-- Source data follows --

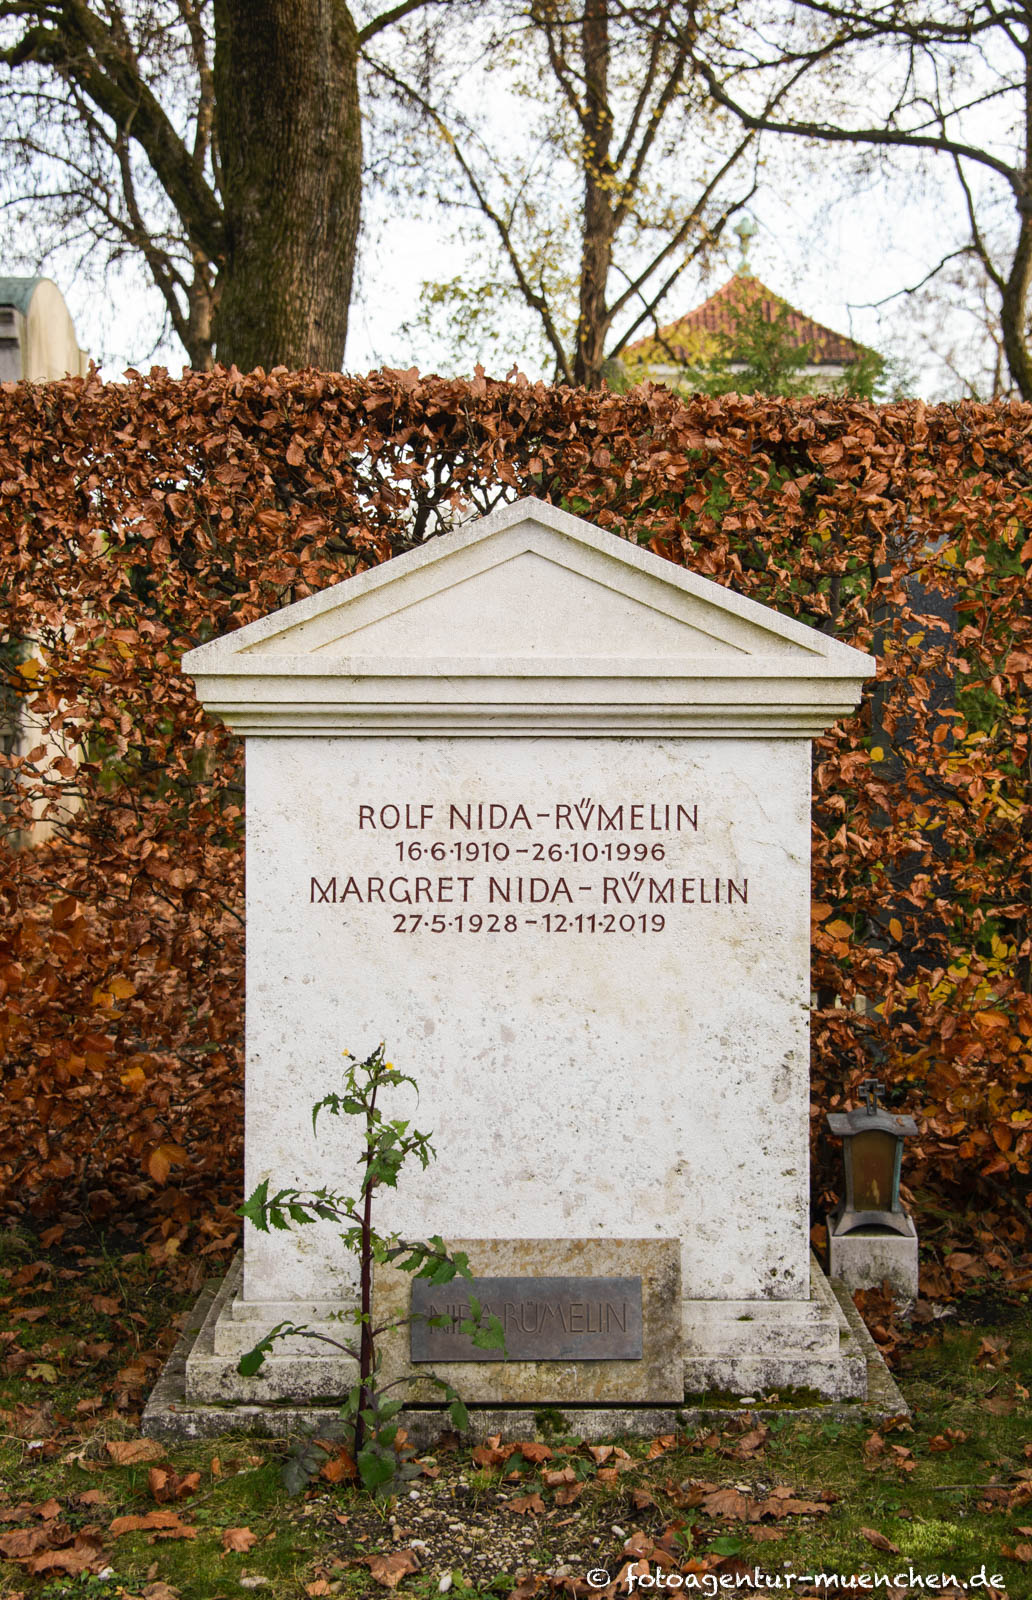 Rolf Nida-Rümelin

-- Source data concluded --
-- Source data follows --

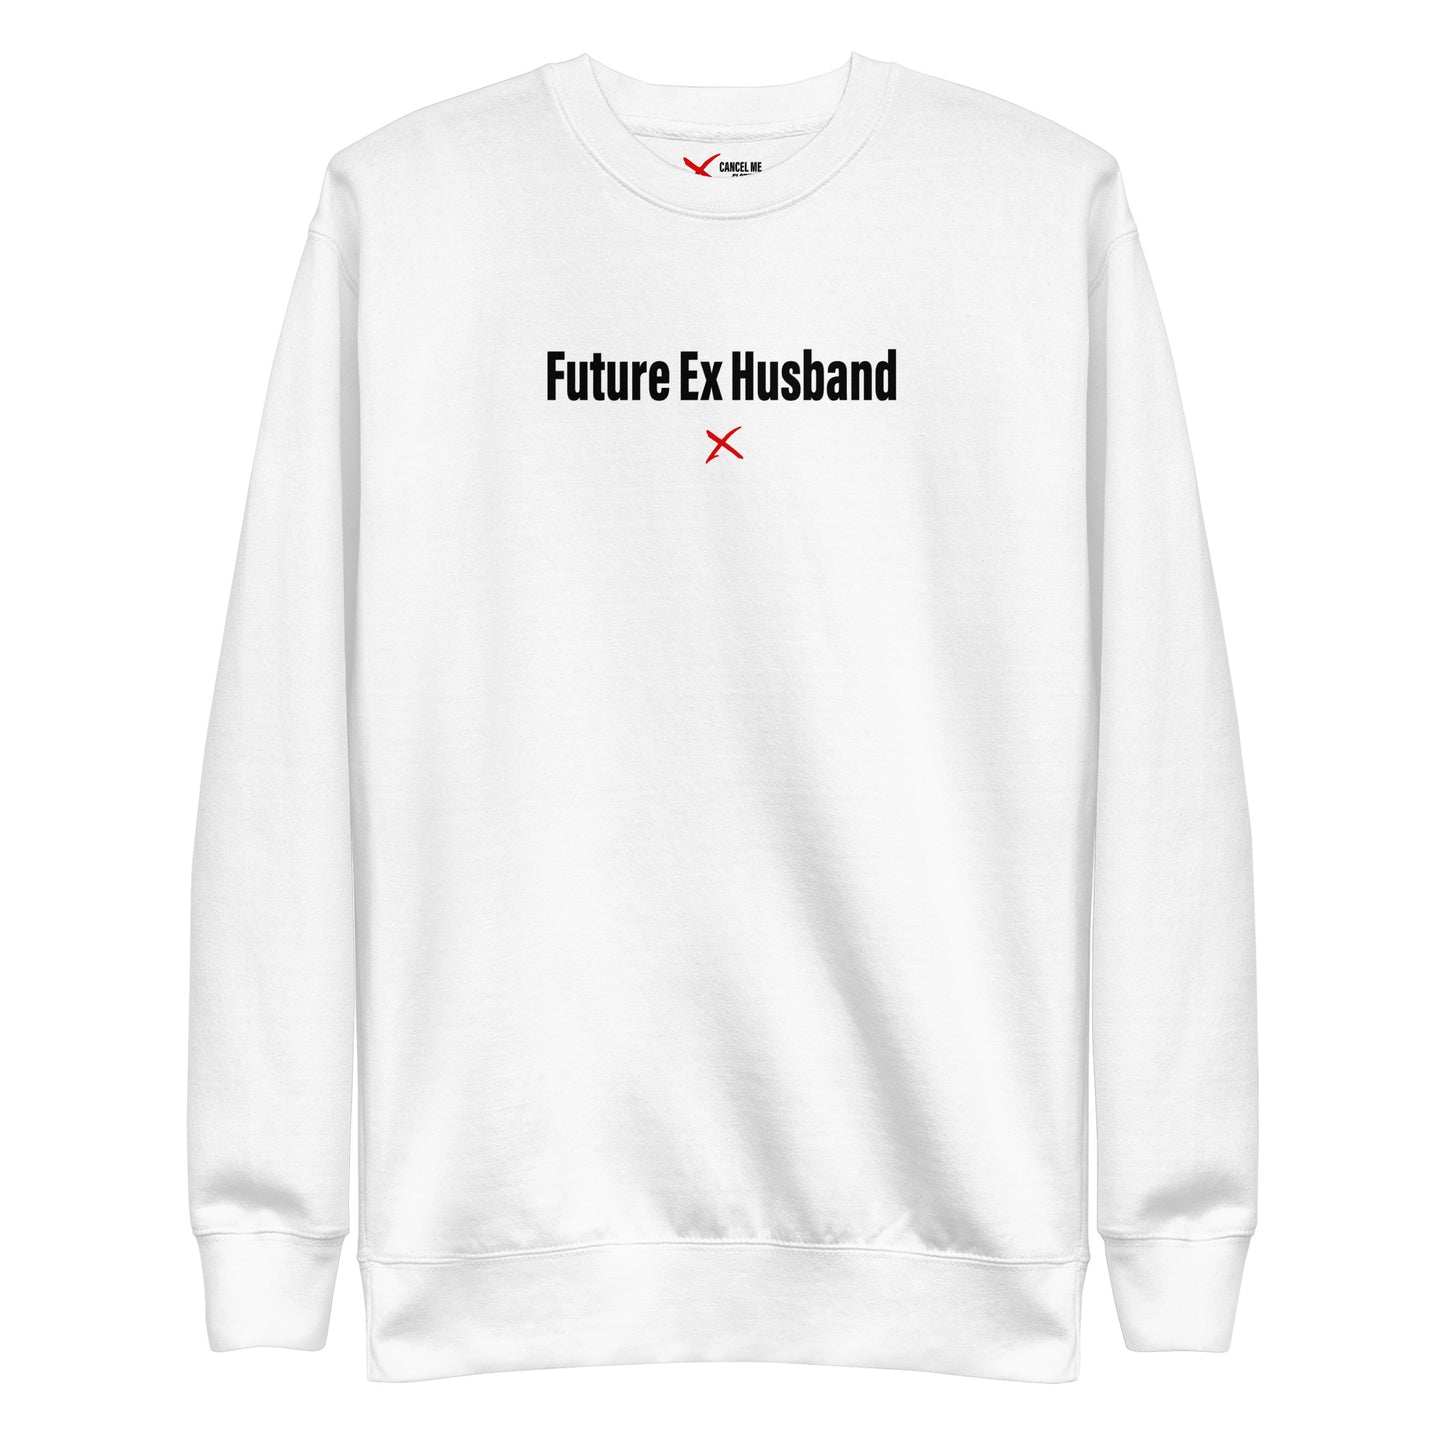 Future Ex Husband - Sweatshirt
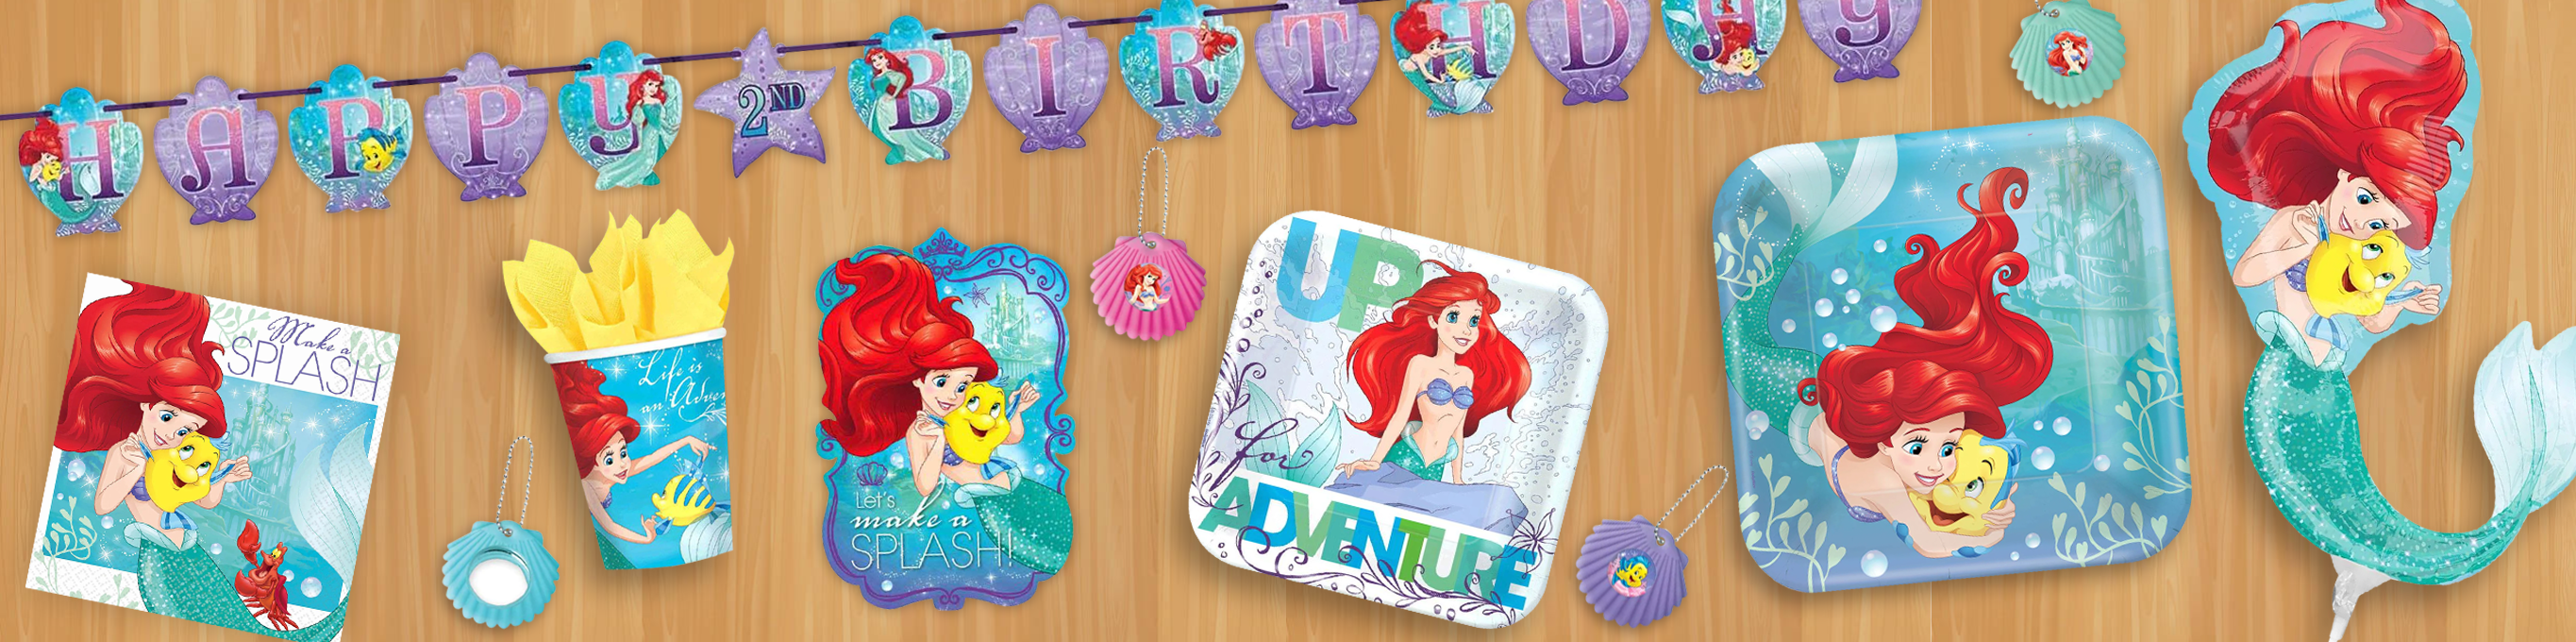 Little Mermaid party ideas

-- Source data concluded --

Problem: Above are some entries. Restate word for word the lines from the one holding "Future Ex Husband - Sweatshirt" through the one holding "Little Mermaid party ideas", but not the pictures.

Output for this exercise:
 Future Ex Husband - Sweatshirt
 Little Mermaid party ideas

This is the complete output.